Can they get away with it? Much depends on whether the media -- and the public -- will now accept that a group of corrupt politicians can remove a democratically elected president, without any legal basis for doing so.
Mark Weisbrot
Mark Weisbrot is Co-Director of the Center for Economic and Policy Research (CEPR), in Washington, DC. He is also president of Just Foreign Policy. His latest book is "Failed: What the "Experts" Got Wrong about the Global Economy" (2015). He is author of co-author, with Dean Baker, of "Social Security: The Phony Crisis" (2001).
An immense effort was made to remove Bill Clinton from the presidency in the late 1990s, culminating in the first impeachment trial of a US president in 131 years. Intimate details of his affair with Monica Lewinsky, about which Clinton was accused of lying under oath, were probed and published by the far-right prosecutor Ken Starr. This let loose a flood of jokes and salacious fodder for the tabloids. At one point it seemed as if the question of perjury might hinge on what constitutes "sexual relations"; whereupon the editor of the Journal of the American Medical Association decided to publish an article based on survey data showing that 59 percent of college students did not consider oral sex as having "had sex." He was promptly fired, after 17 years at the helm of the prestigious medical journal -- although some maintained that his overseers were taking advantage of the political situation to get rid of someone who had also published articles favoring universal, single payer health care and other things not dear to the hearts of the AMA.

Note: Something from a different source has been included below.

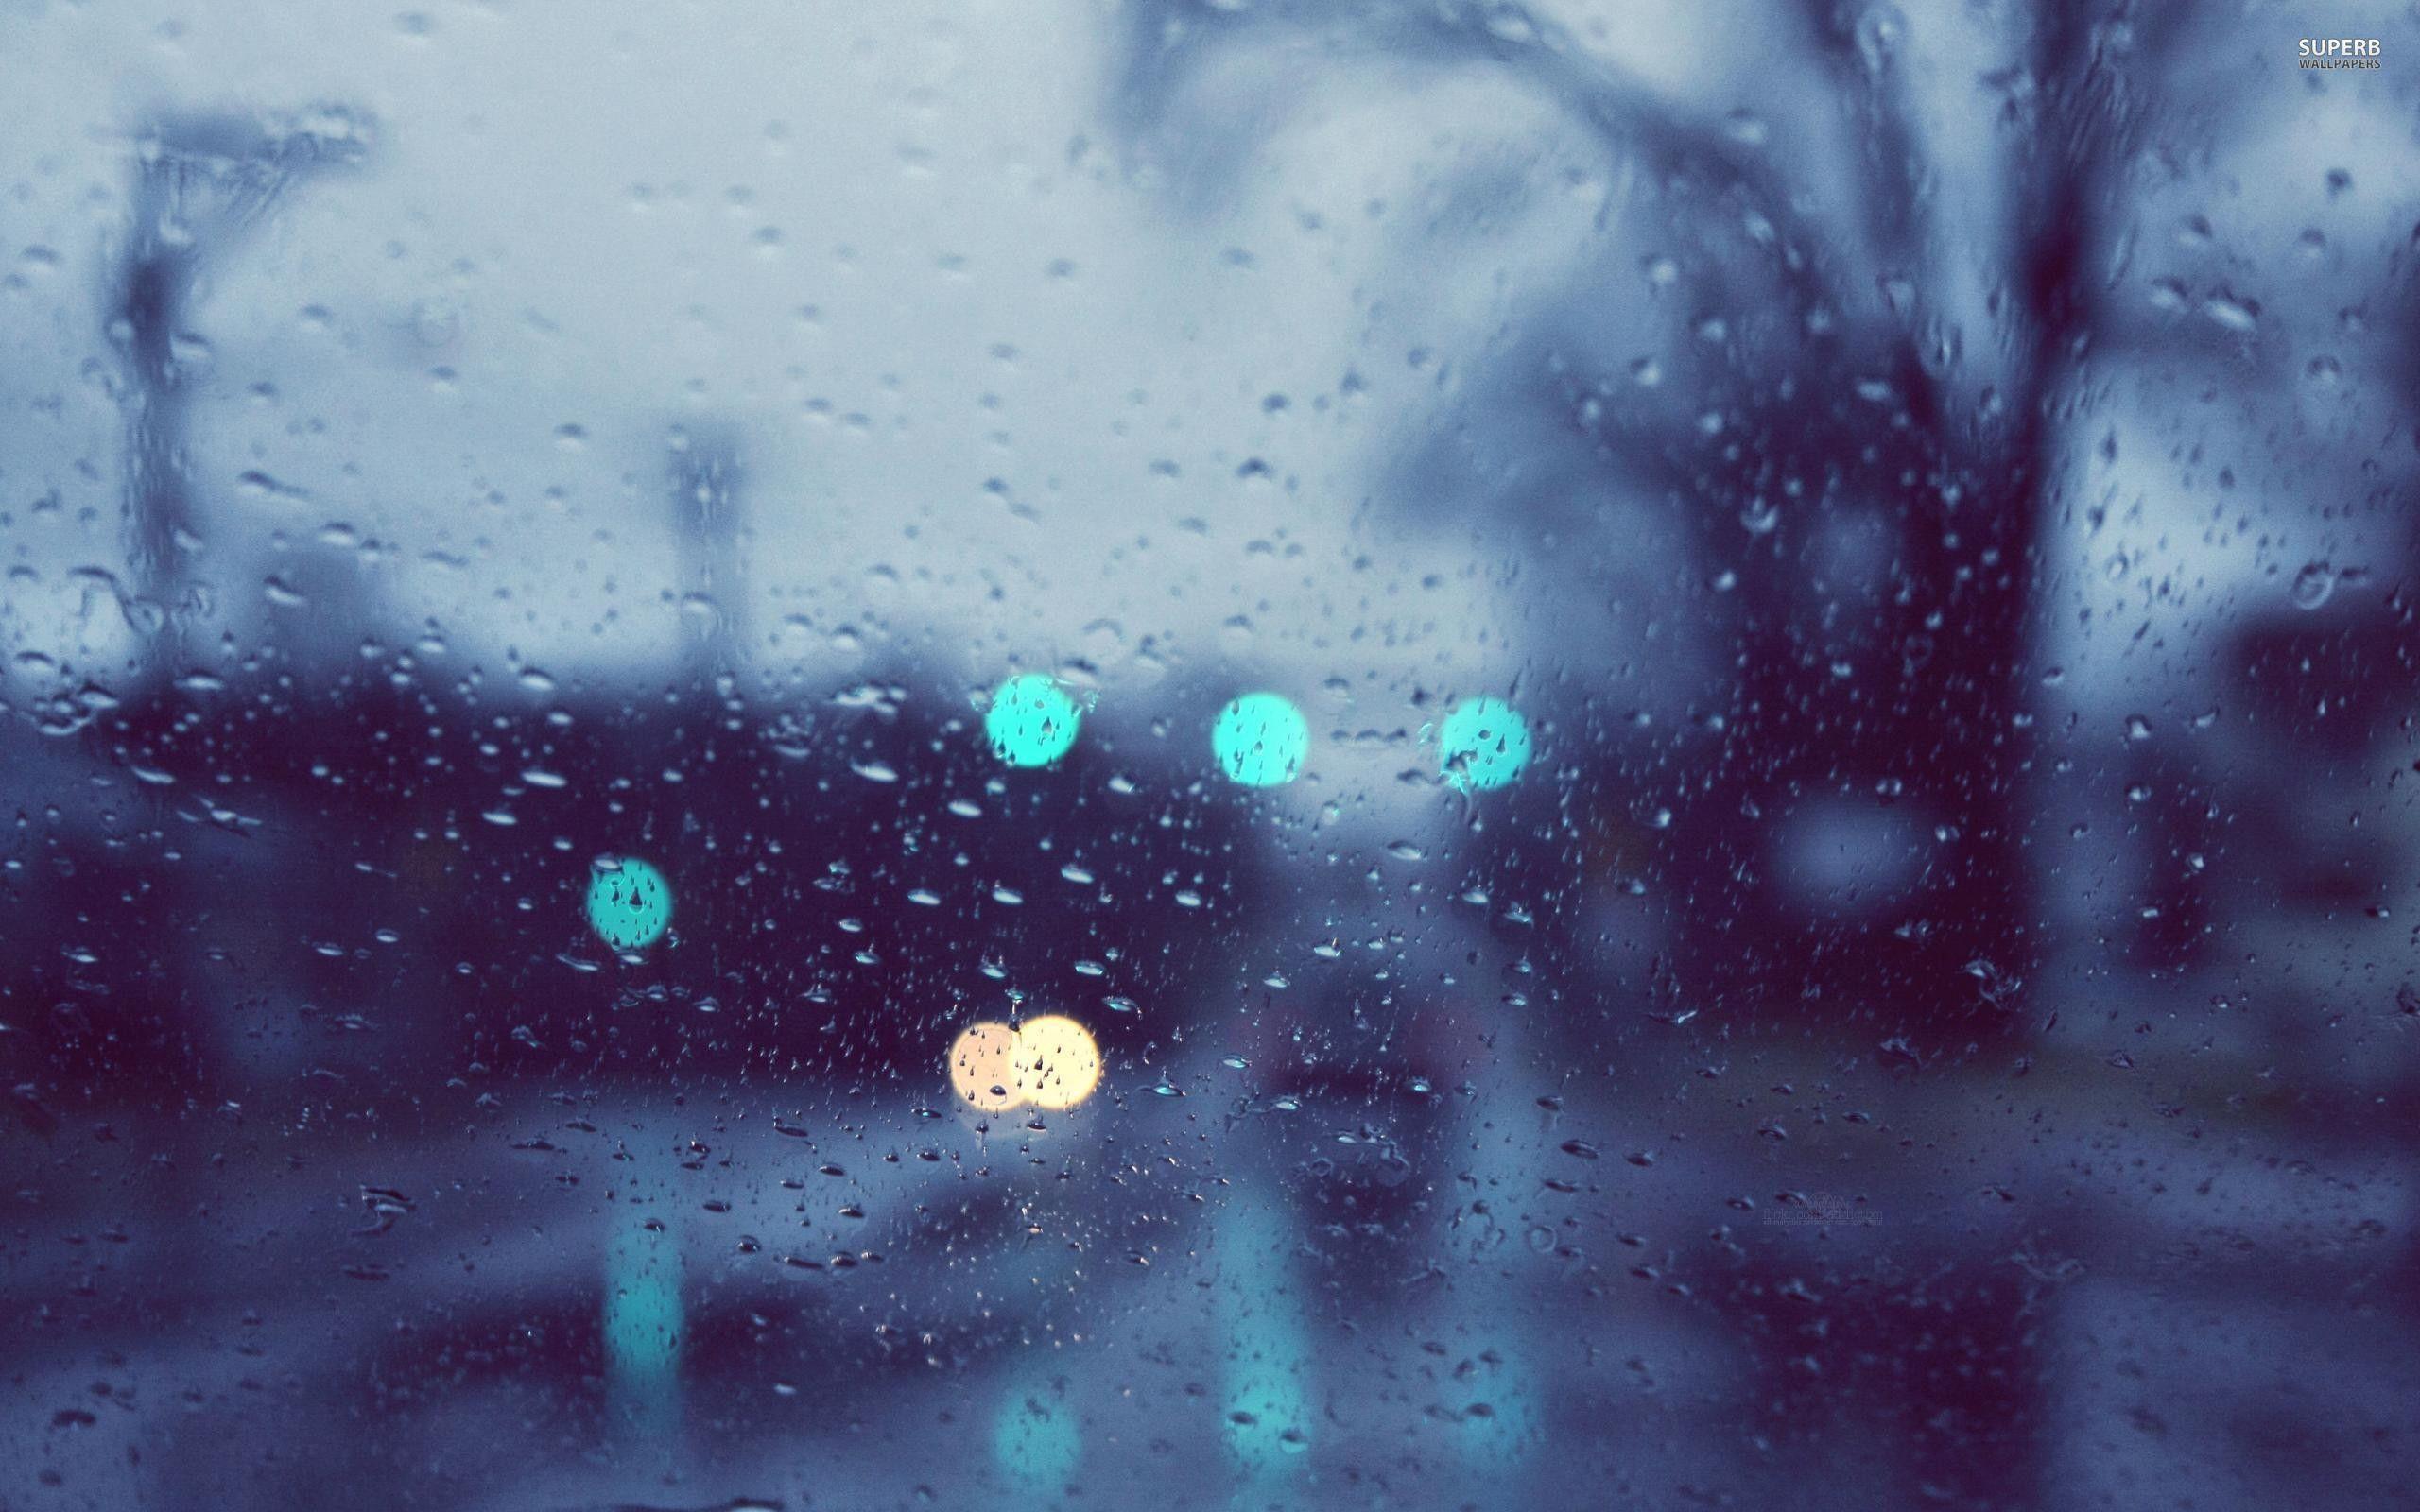 Aesthetic Rain Wallpapers Top Free Aesthetic Rain

The current attempt to remove President Dilma Rousseff of Brazil bears many resemblances to the Clinton impeachment episode. It is led by a group of politicians who seek to overturn the results of national elections and steer the nation in a different, right-wing direction; and the elected president has not committed an impeachable offense. Missing, of course, is the sex scandal -- and the charges are so unsexy that most people don't even know what the president is being impeached for, and it's not that easy to figure it out.

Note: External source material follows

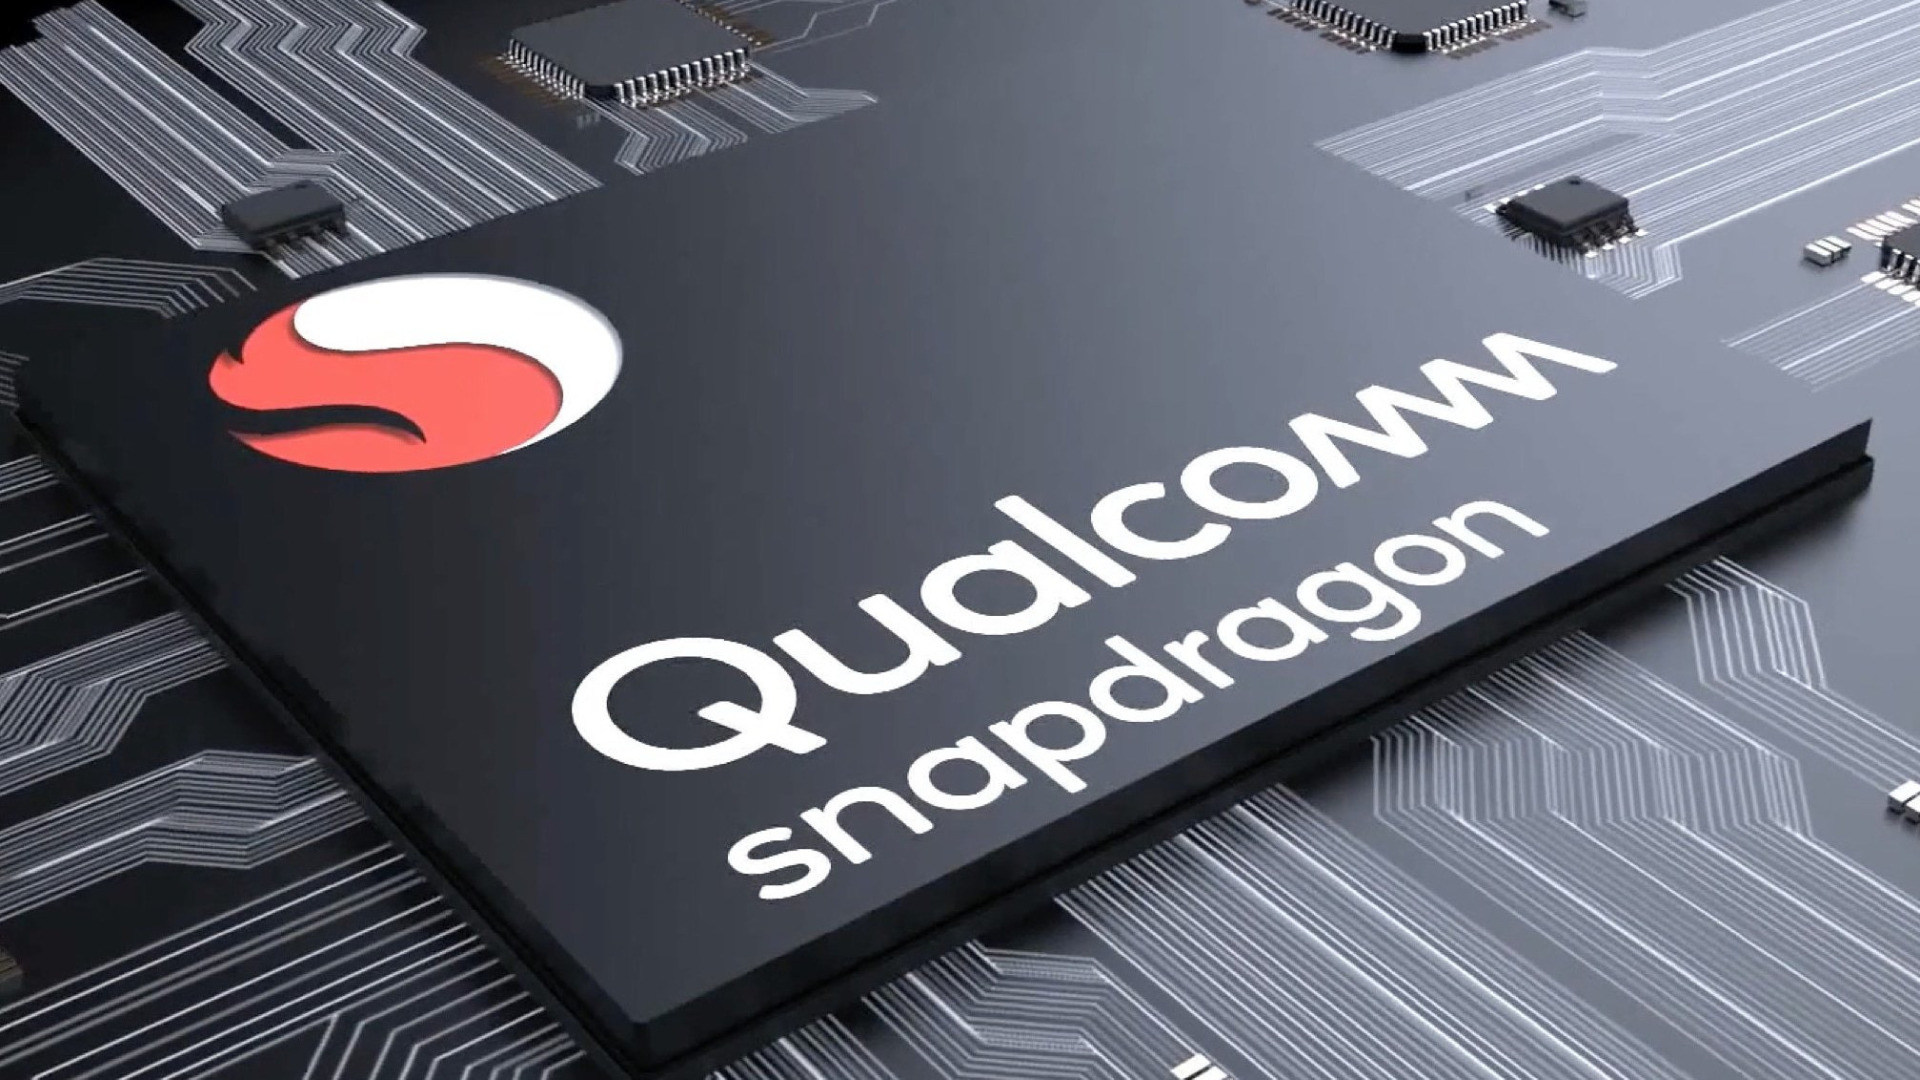 Smartphone, Prozessor, Cpu, Chip, SoC, Arm, Qualcomm, Gpu, 5G, Snapdragon, Qualcomm Snapdragon

Most importantly, a crime is missing; even Bill Clinton's enemies could at least come up with the alleged crimes of perjury and obstruction of justice. But Dilma Rousseff's impeachers have no such criminal violation to even allege. This was the conclusion last week of the federal prosecutor, Ivan Claudio Marx, who was assigned to investigate the offenses for which Dilma is about to stand trial in Brazil's Senate. He determined that Dilma did not break the law in her handling of the public budget. The impeachment centers around her decision to delay payments to the state banks, which allowed the government to maintain the appearance of staying within a targeted fiscal balance in its accounts. Marx determined that this was not a crime, because it was not a "credit transaction" that would require congressional approval.
In a society where the rule of law is in effect, that would spell the end of the effort to remove the elected president. But press reports -- inasmuch as they even bothered to report on the prosecutor's conclusion -- seem to indicate that pro-impeachment forces are acting as though the law, and the prosecutor's statement, are irrelevant. They are pressing full steam ahead for the Senate to reverse the results of the October 2014 presidential elections. And as we now know from leaked transcripts of phone conversations, some of the leaders are doing it to prevent further investigation of their own alleged corruption.
Can they get away with it? Much depends on whether the media -- and the public -- will now accept that a group of corrupt politicians can remove a democratically elected president, without any legal basis for doing so.